[Exercise aim]:
Restate all data exactly. No images.

[Source material]:
· · ·
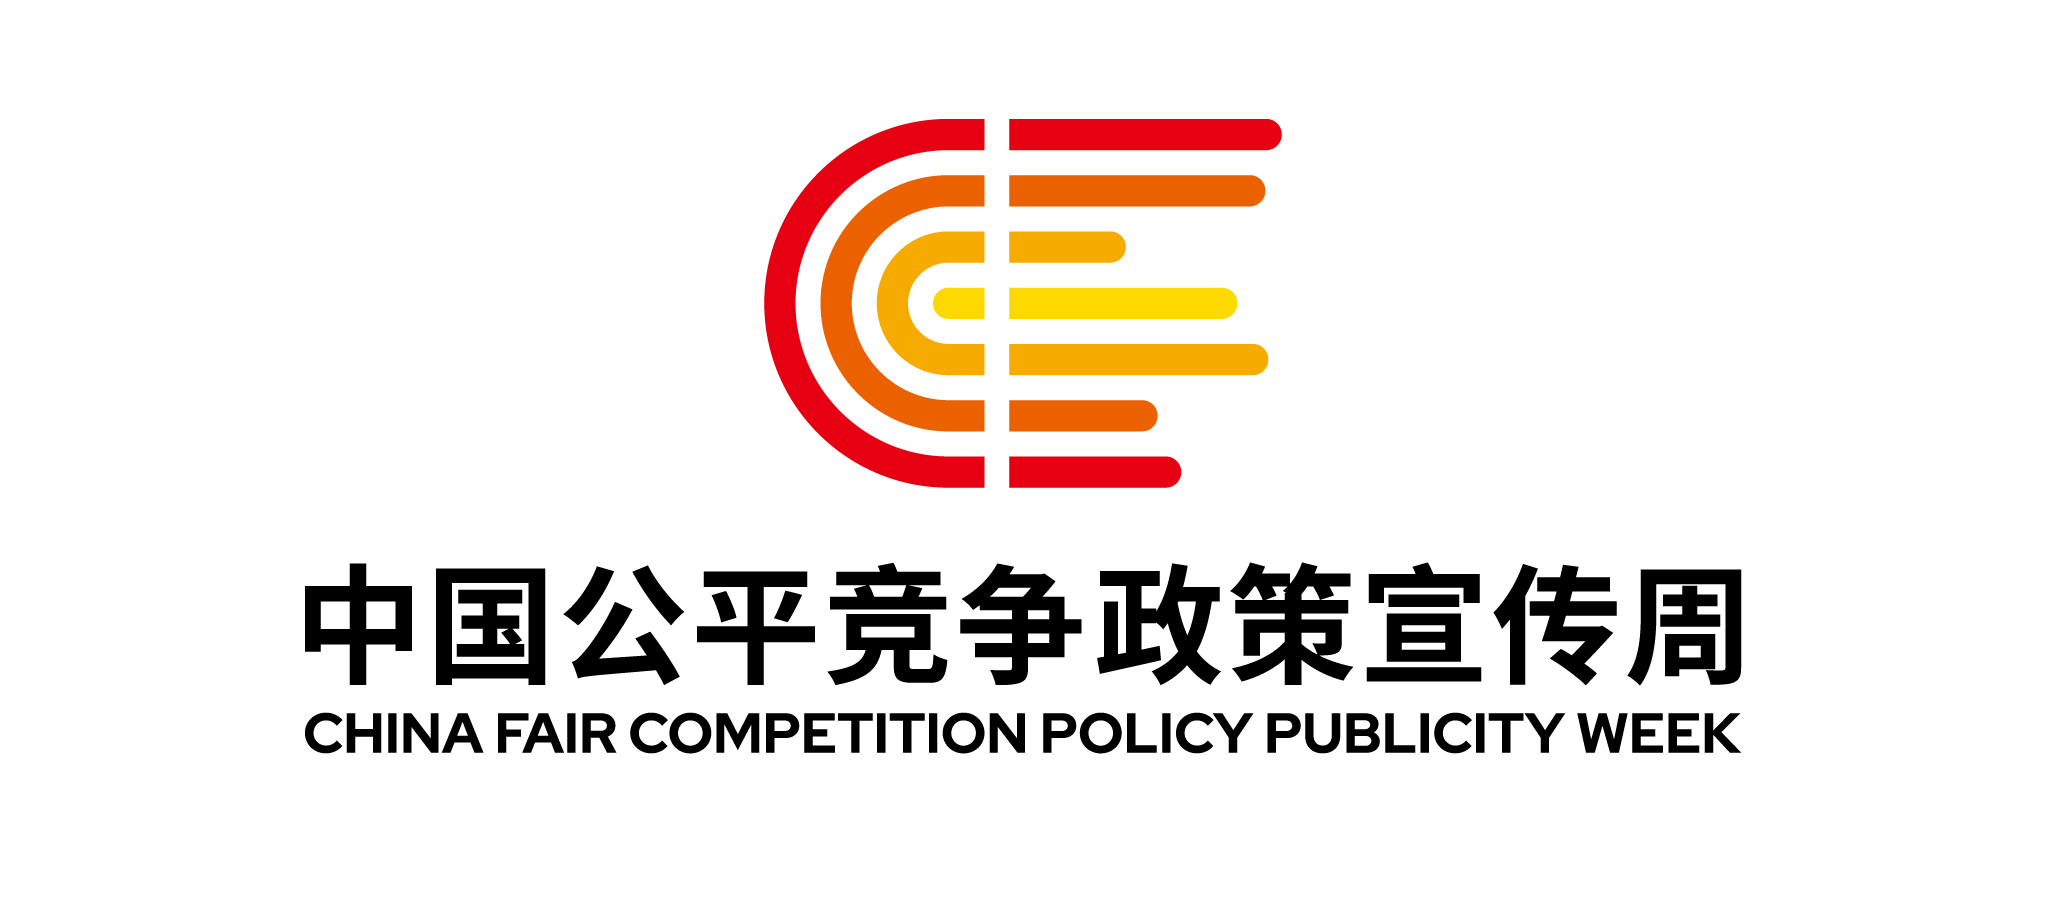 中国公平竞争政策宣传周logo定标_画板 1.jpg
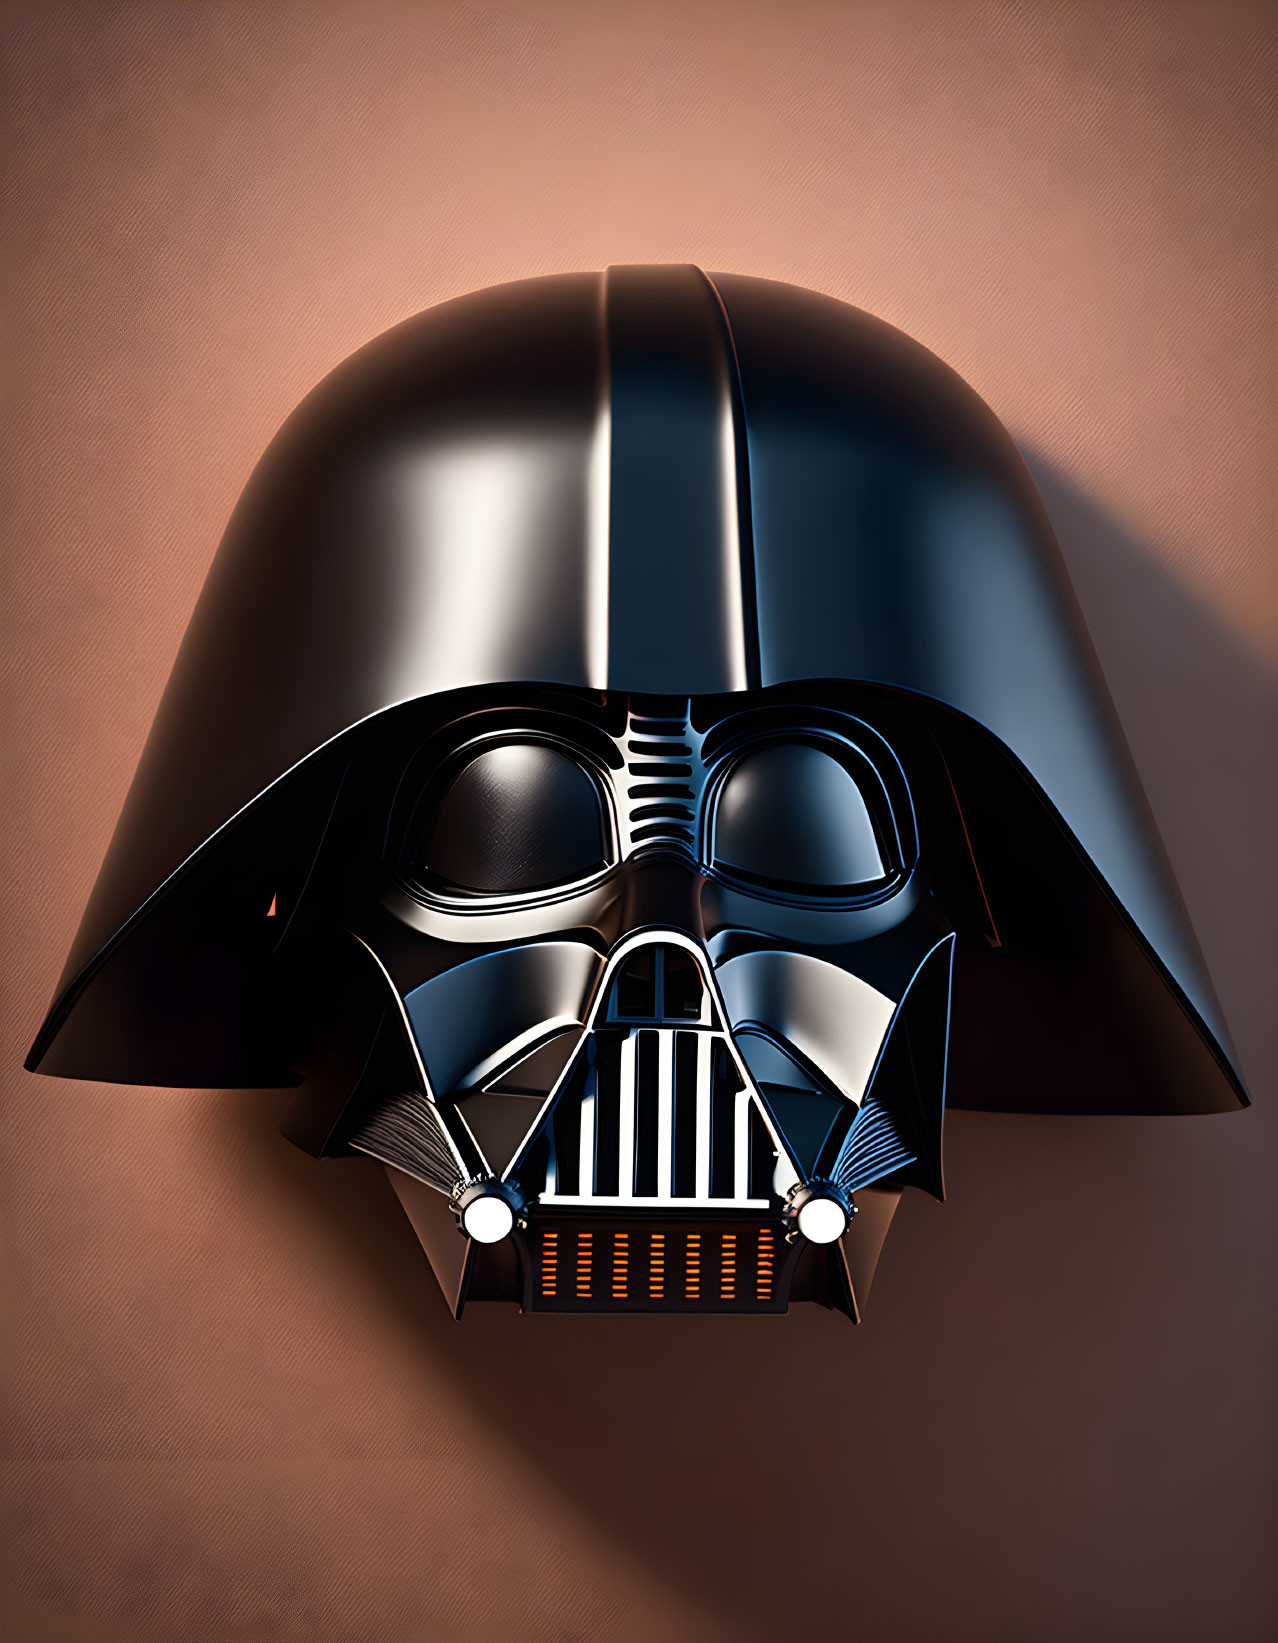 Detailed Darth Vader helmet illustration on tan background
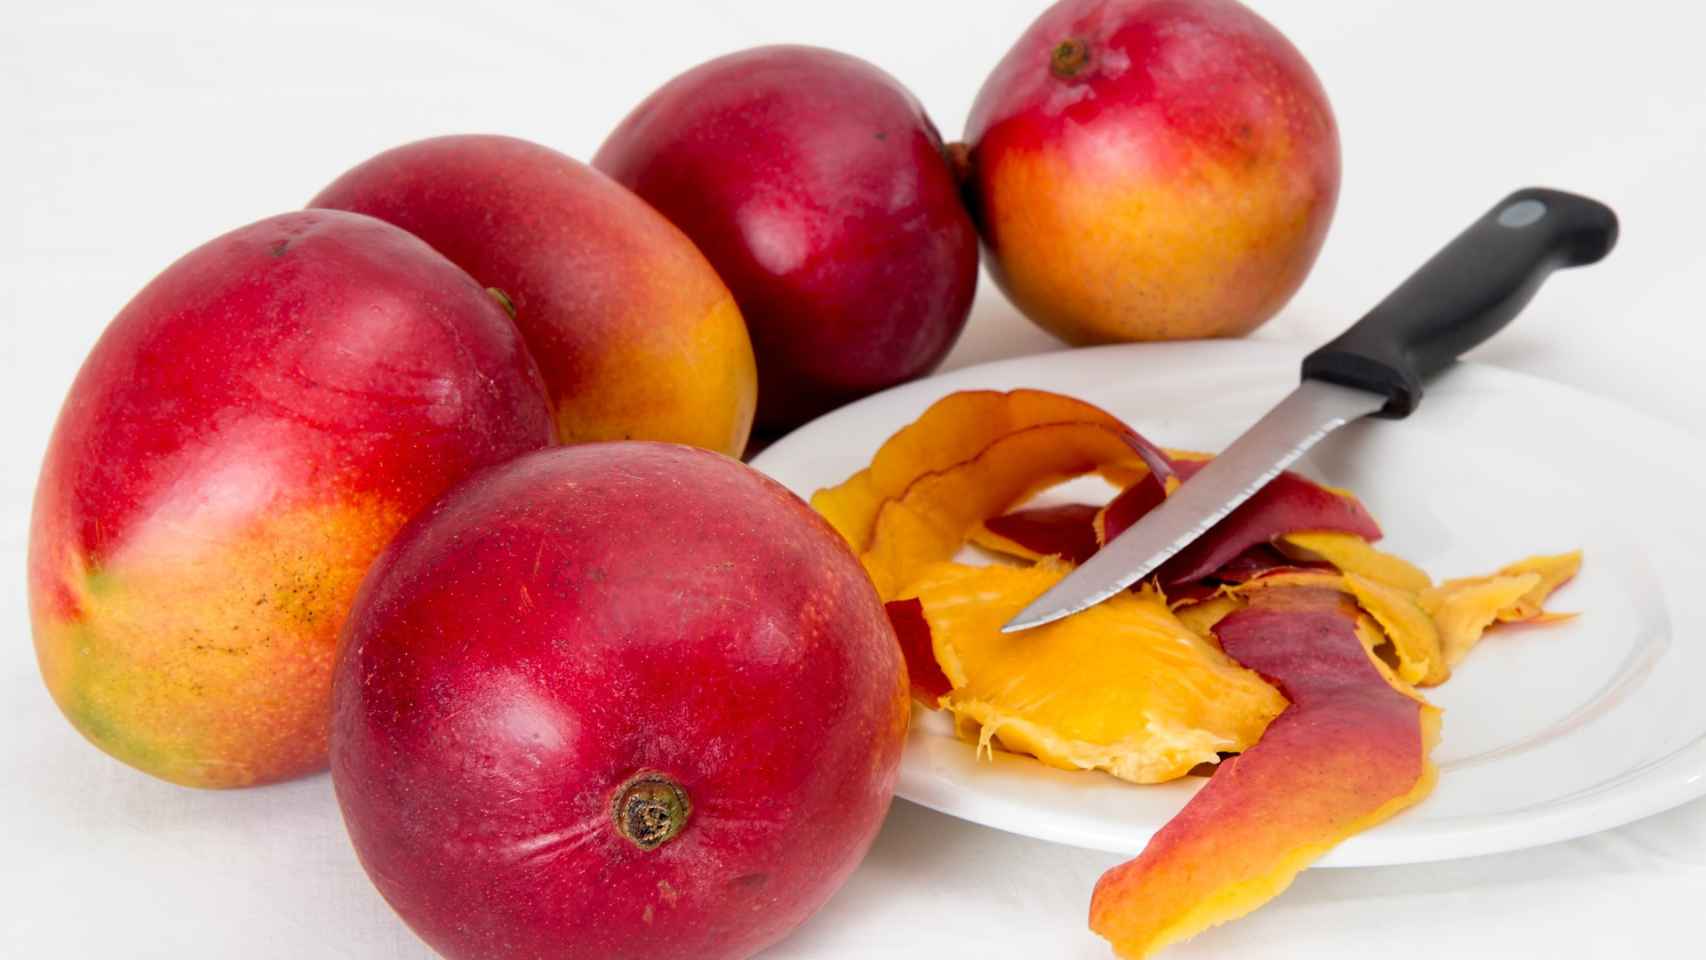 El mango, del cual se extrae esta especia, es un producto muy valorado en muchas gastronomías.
· · ·
[Answer to this problem]:
 中国公平竞争政策宣传周logo定标_画板 1.jpg
 Detailed Darth Vader helmet illustration on tan background
 El mango, del cual se extrae esta especia, es un producto muy valorado en muchas gastronomías.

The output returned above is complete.